According to the Tax Policy Center, presidential candidate Herman Cain’s 9-9-9 tax plan is essentially three sales taxes.
Obviously, the 9% national sales tax component is just that – a retail sales tax.
The business tax component is effectively a subtraction method value-added tax, or a business transfer tax. It is a 9% tax on all sales minus purchases from other businesses. It is the same as a retail sales tax, but it is collected in pieces on the value added at each stage of production. In the aggregate, all retail sales are then taxed under this component.
The 9% individual flat tax is also a subtraction method value-added tax, except that businesses may deduct wages and workers are taxed on their wages. A charitable contribution deduction may be allowed.

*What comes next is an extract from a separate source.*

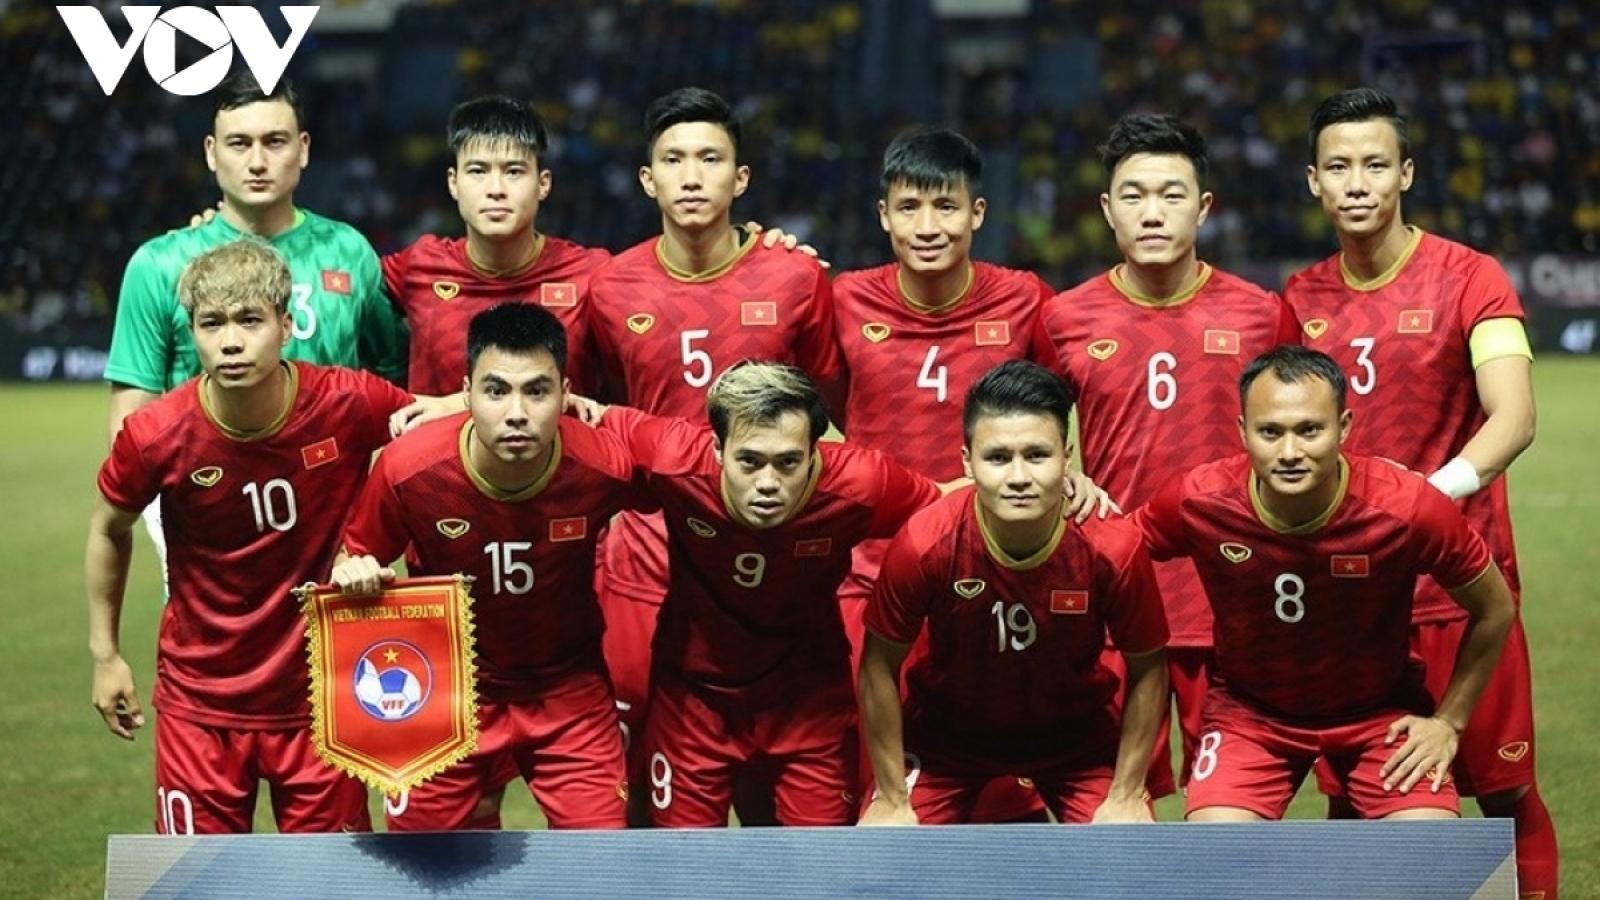 Danh sách chính thức ĐT Việt Nam: Có Văn Hậu, không Văn Lâm, Hữu Tuấn
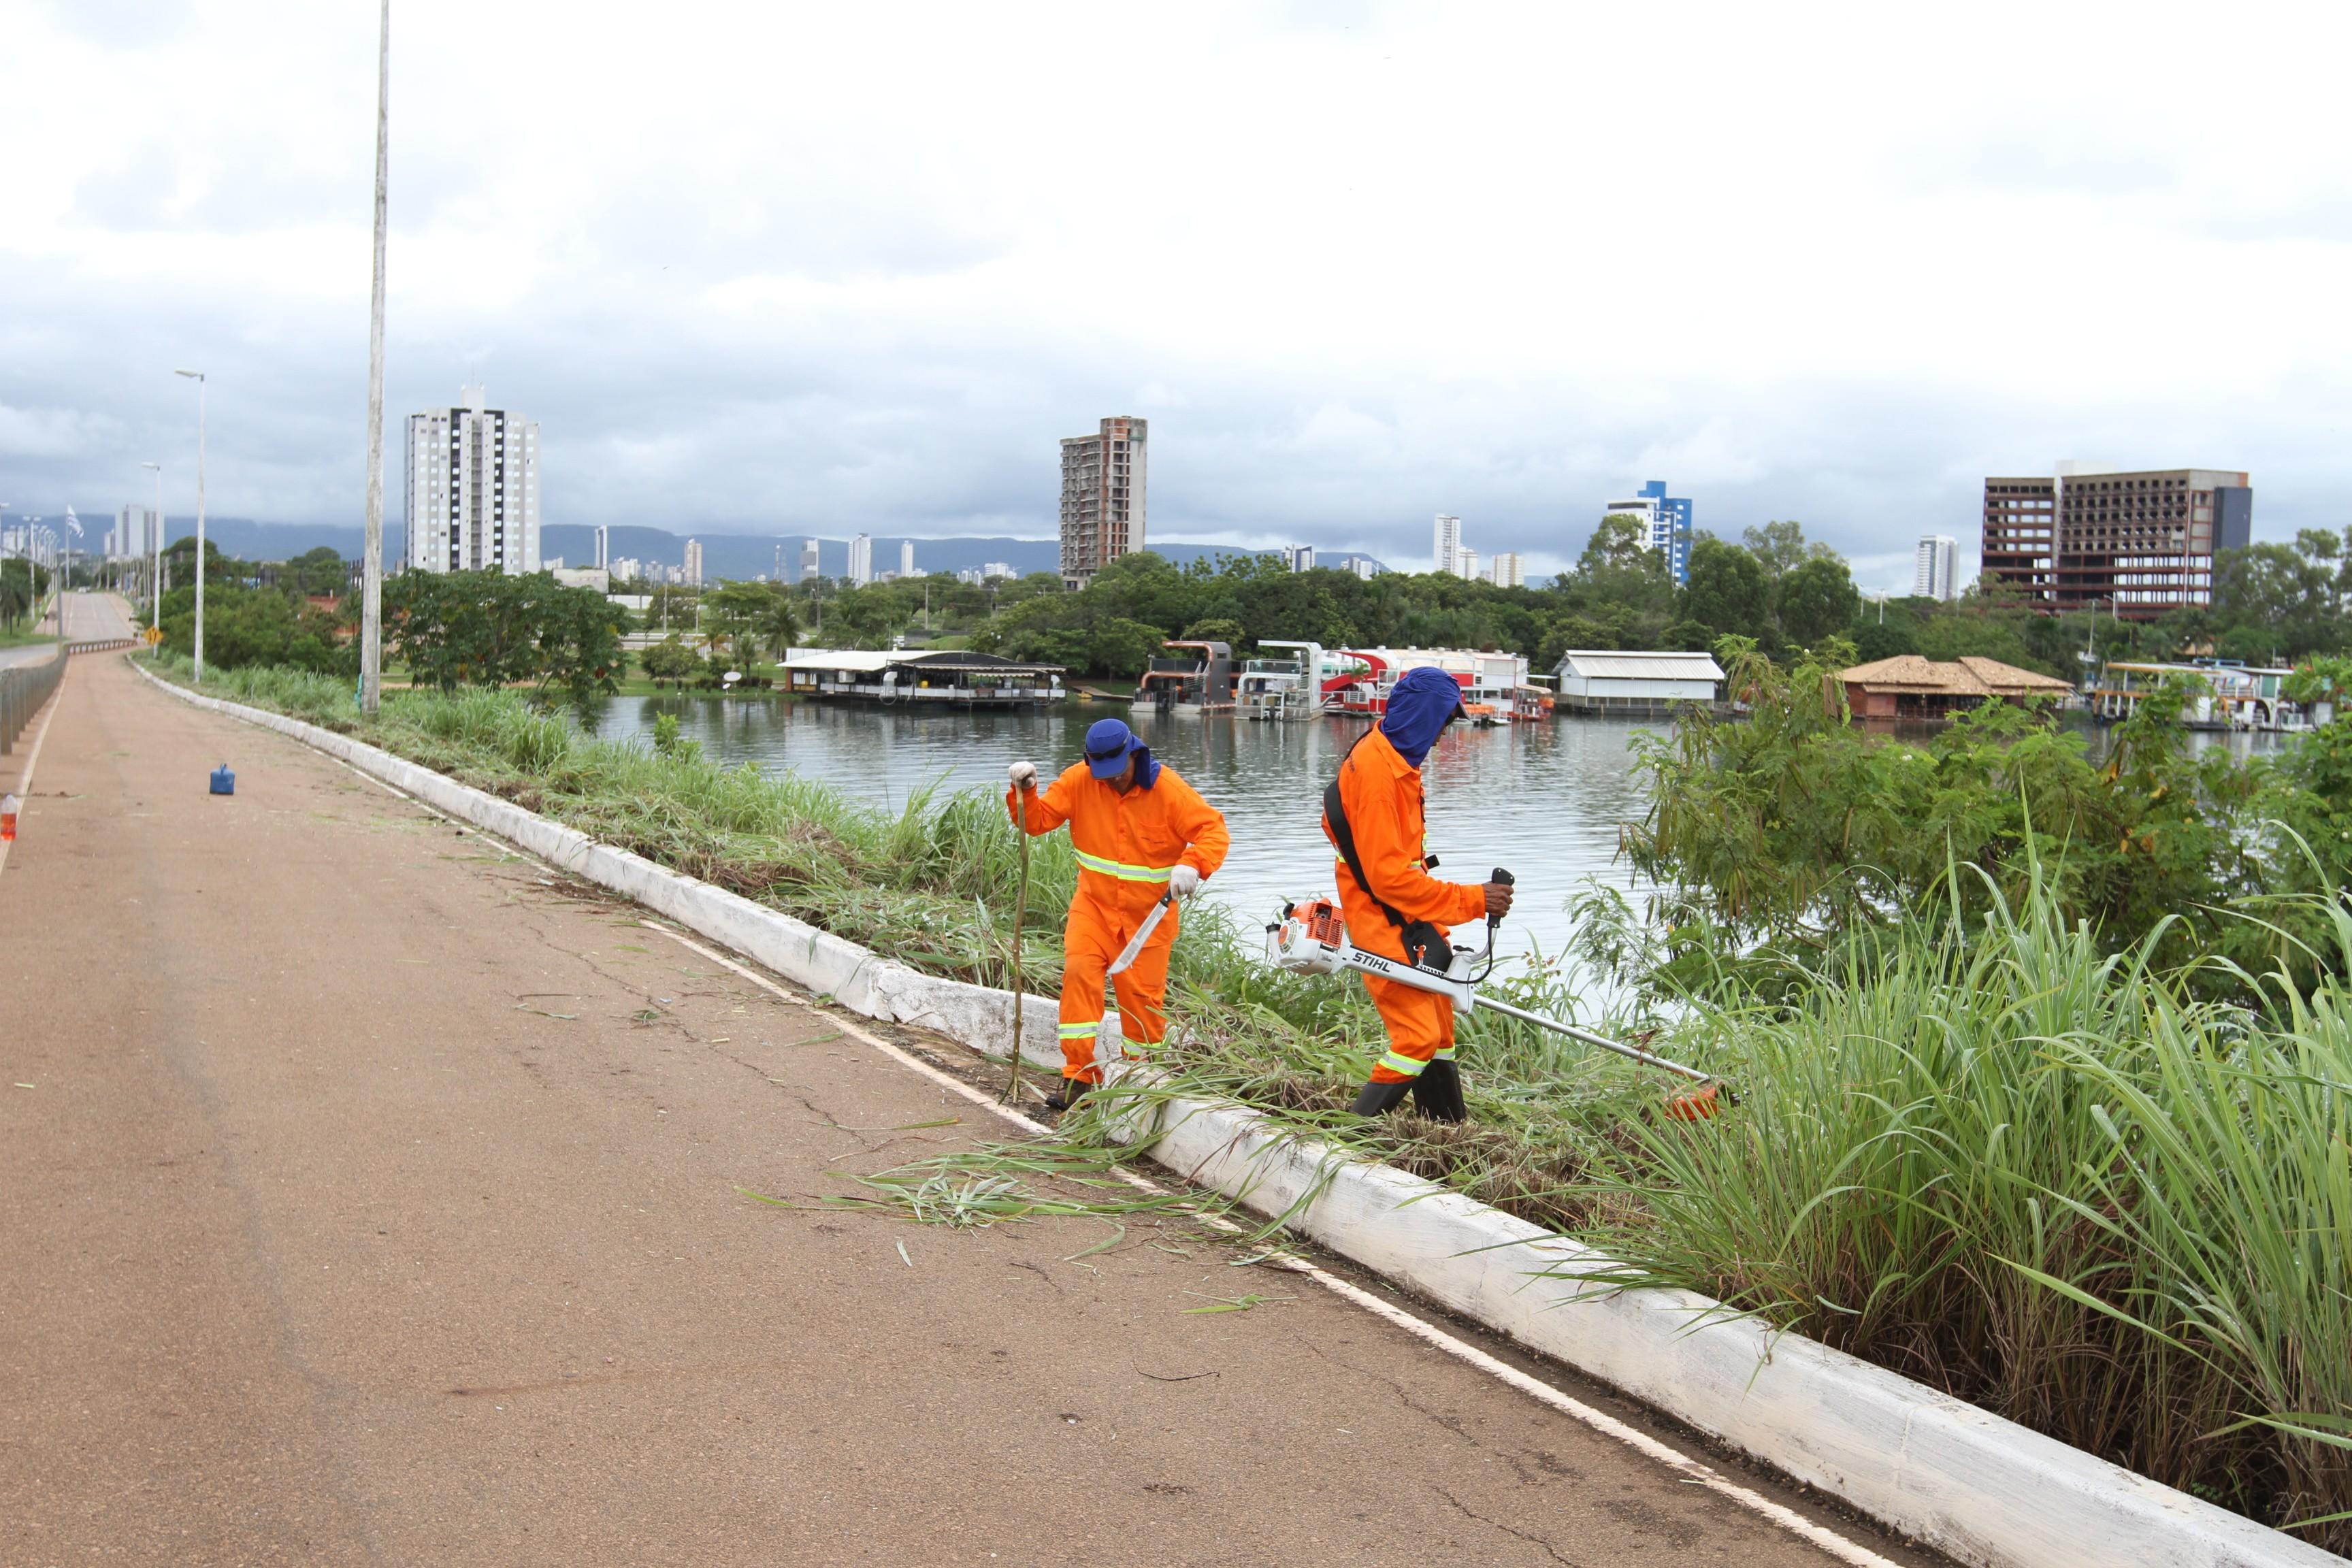 Matagal começa a ser roçado na Ponte FHC após reclamações de moradores

The plan has the merits of a certain level of simplicity, the removal of various tax regimes (such as estate and gift taxes) and the spreading of the tax burden. It has the detriments of a lack of progressivity (if you consider that a detriment based on your political beliefs, although persons below the poverty line are exempted from the taxes), being a disincentive to consumer purchasing, and the introduction of a tax regime (the VAT) that many blame for the anemic economies of Europe.
Whatever its pros and cons, this is the first I have seen it characterized as being effectively a combined 25.38% national sales tax (which would be in additional to state and local sales taxes).